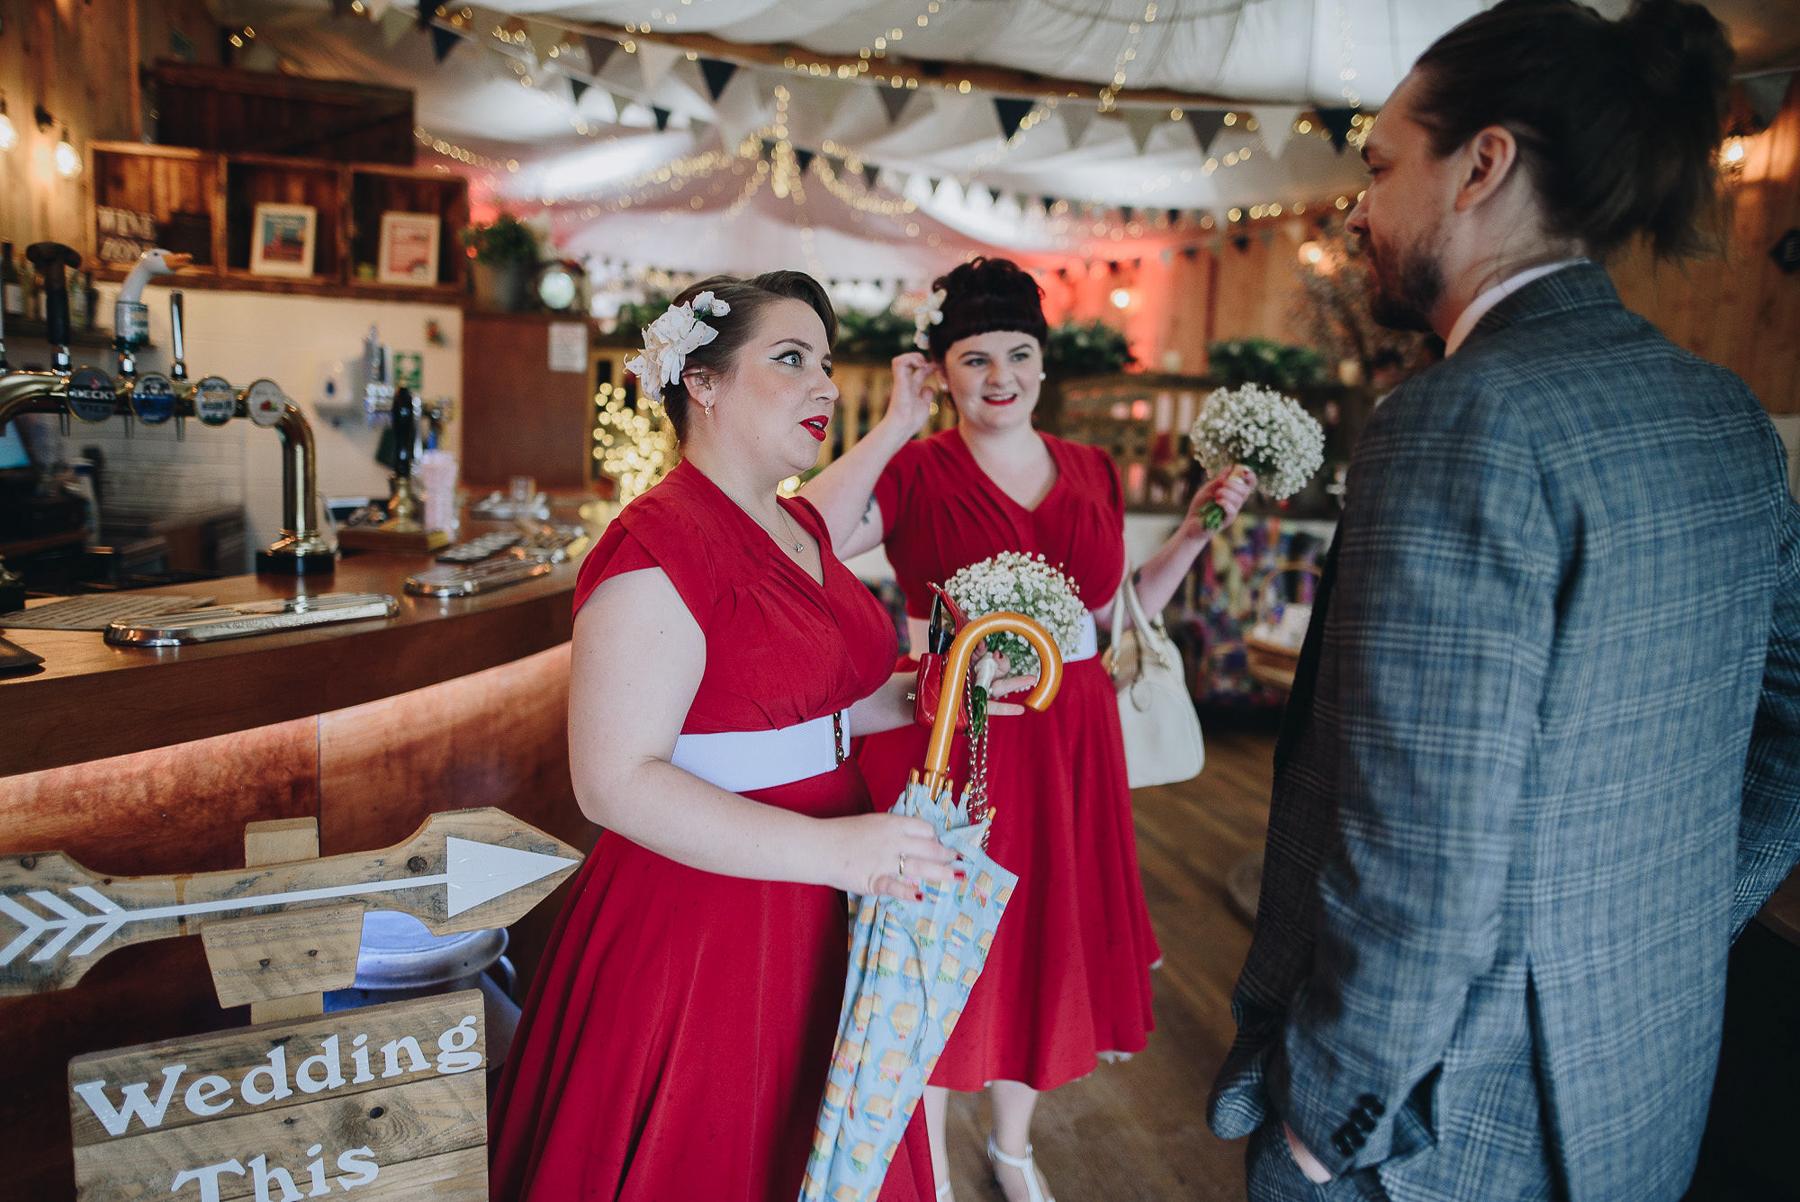 Wellbeing_Farm_Wedding_Photography_The_Pin-Up_Bride_Lara_Shaun-41.jpg
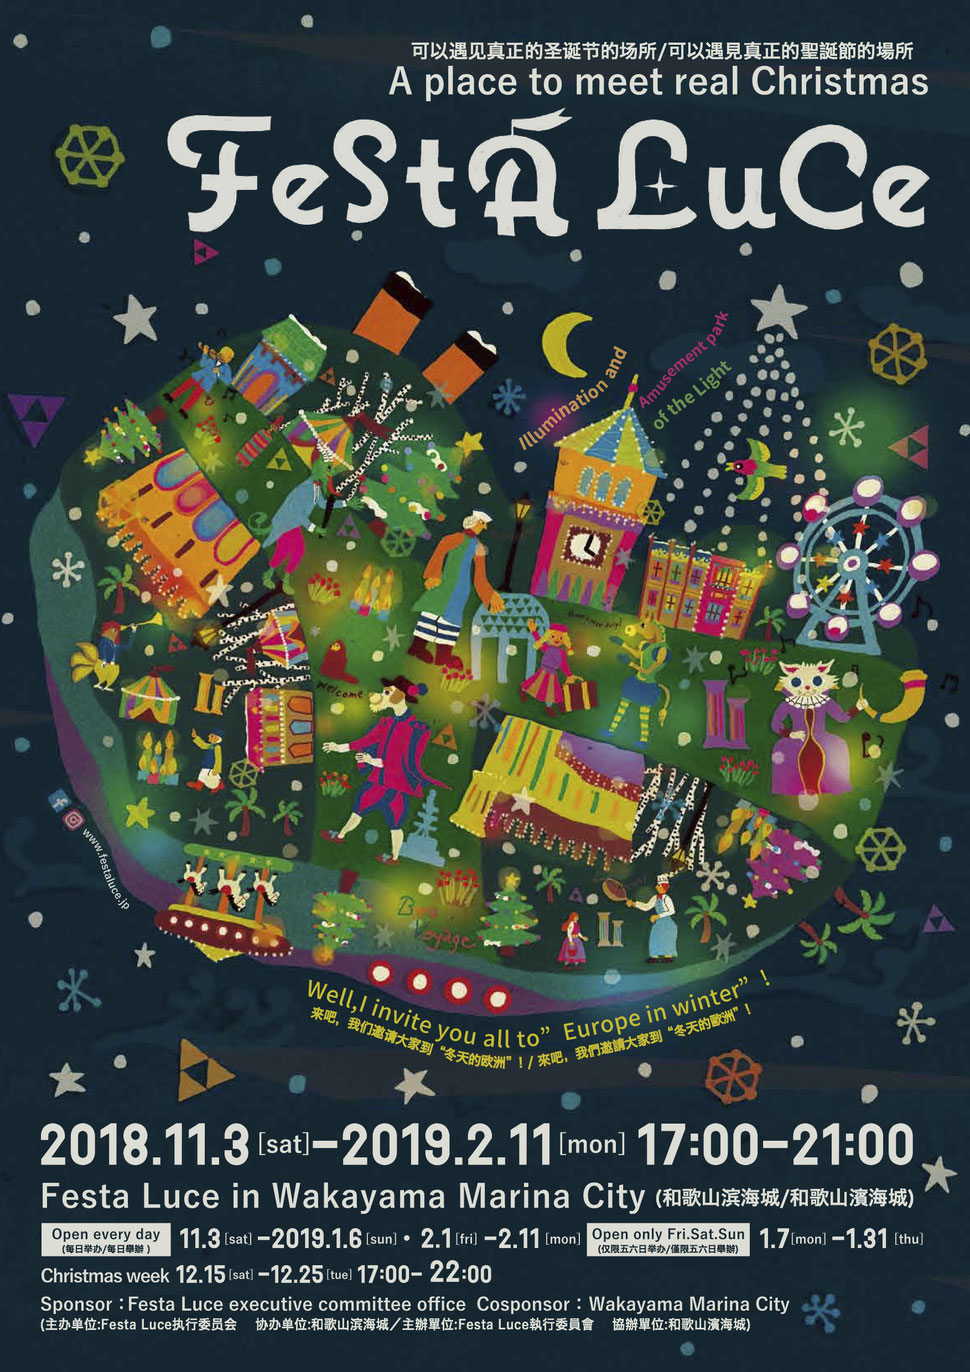 foreign language flyer festaluce イルミネーションイベント
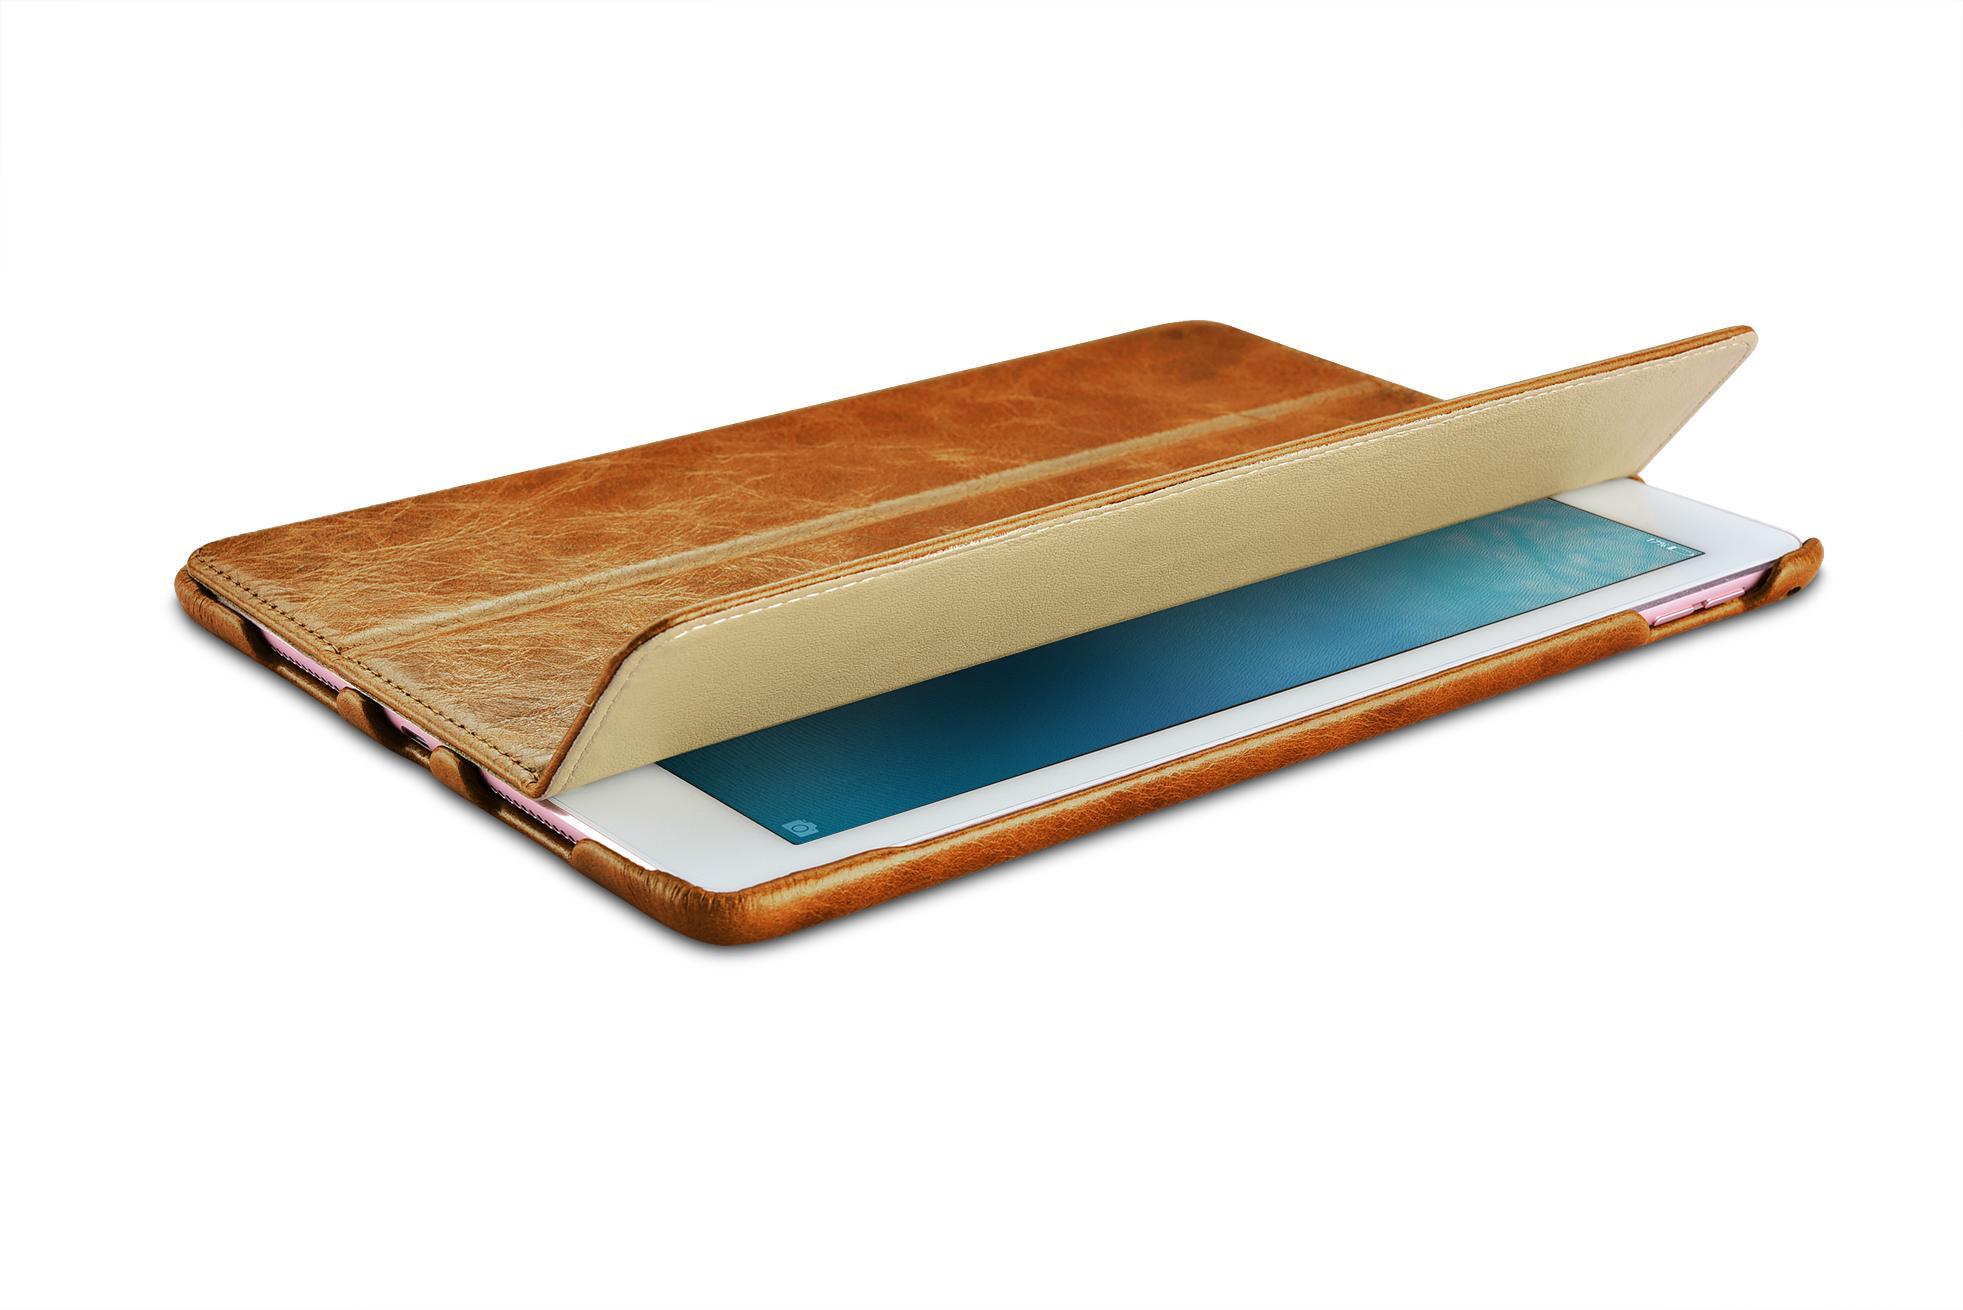 iCarer iPad Pro 9.7 inch Oil Wax Vintage Genuine Leather Folio Case 6
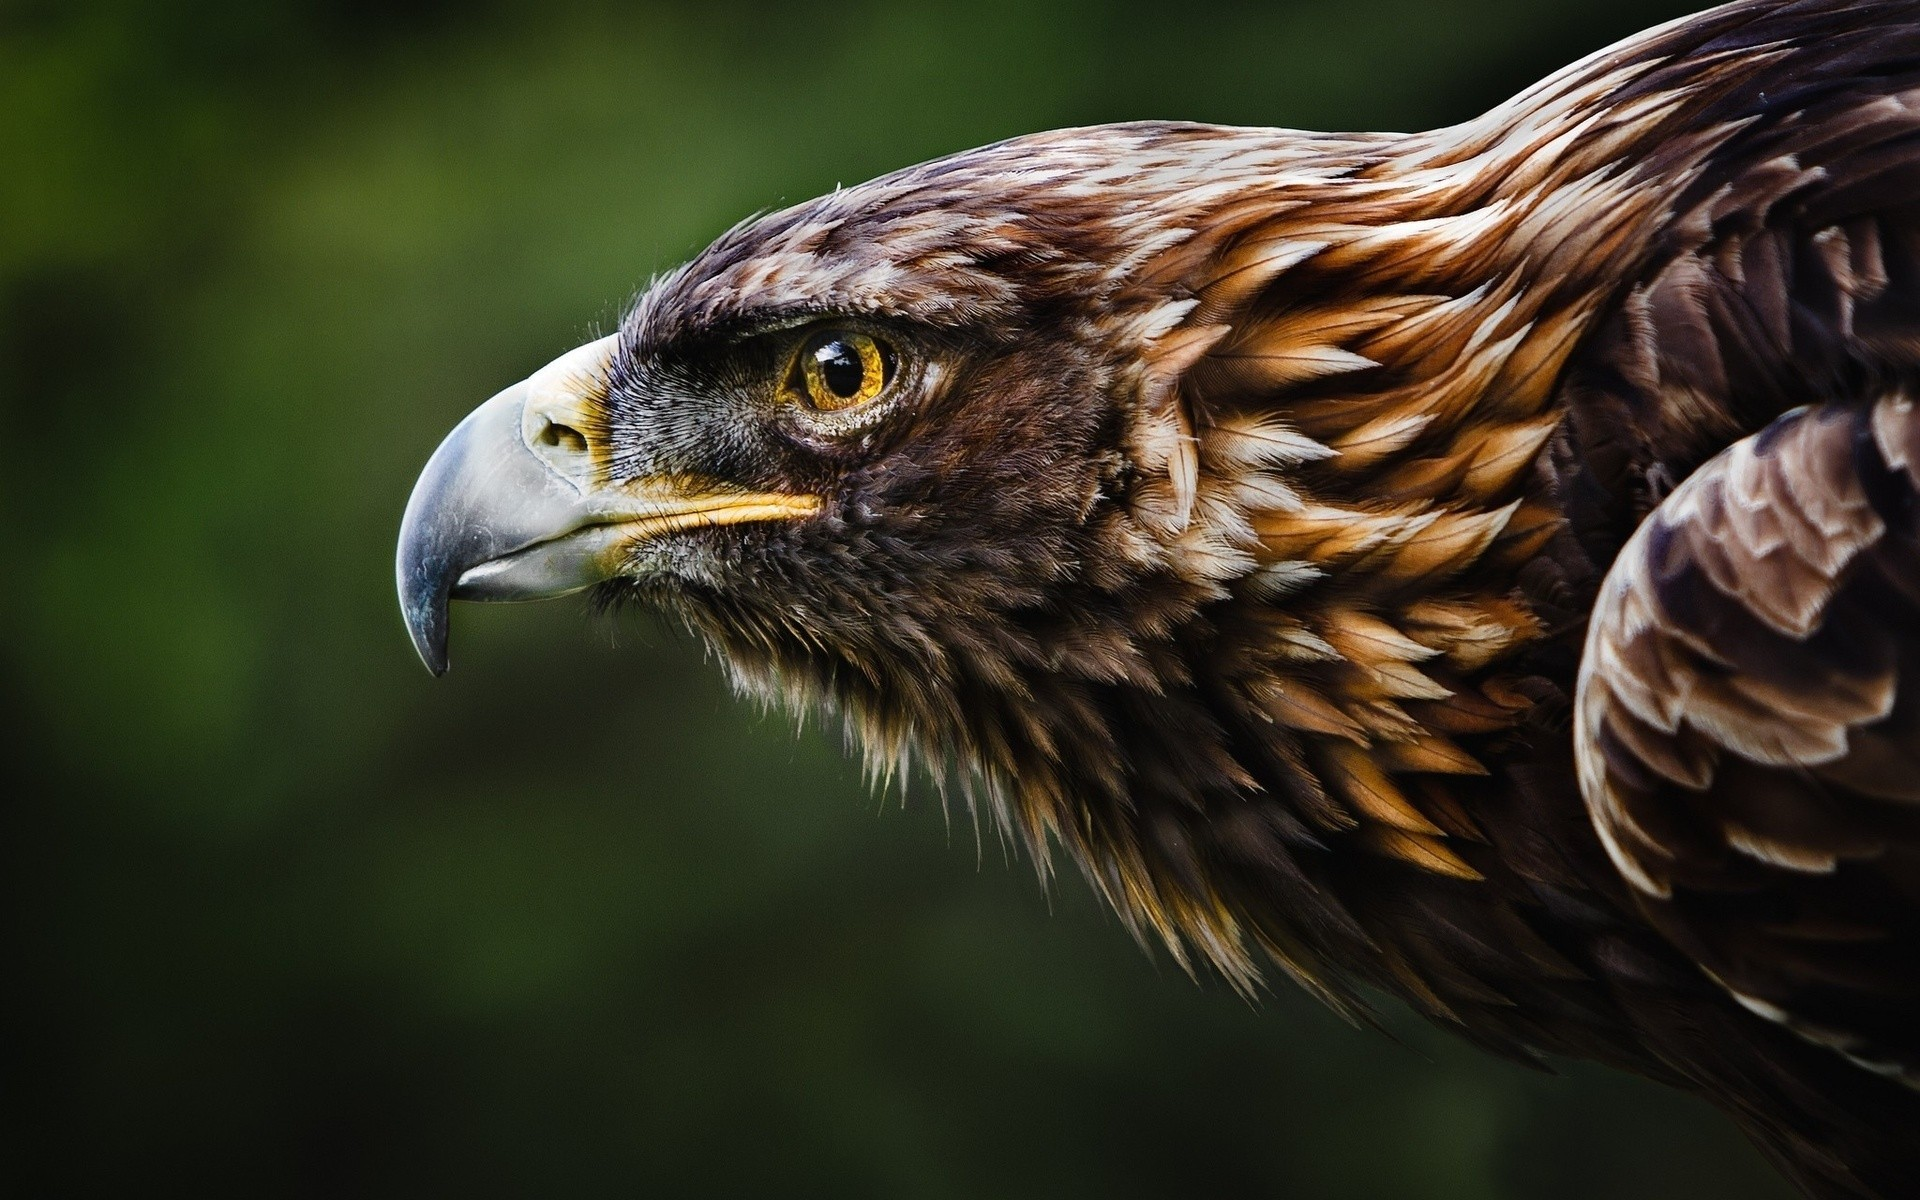 eagle animals birds nature

- [TASK TO COMPLETE] Please give the material above again in full, with no pictures in your version.

- [FINISHED EXERCISE]
 Wellbeing_Farm_Wedding_Photography_The_Pin-Up_Bride_Lara_Shaun-41.jpg
 foreign language flyer festaluce イルミネーションイベント
 iCarer iPad Pro 9.7 inch Oil Wax Vintage Genuine Leather Folio Case 6
 eagle animals birds nature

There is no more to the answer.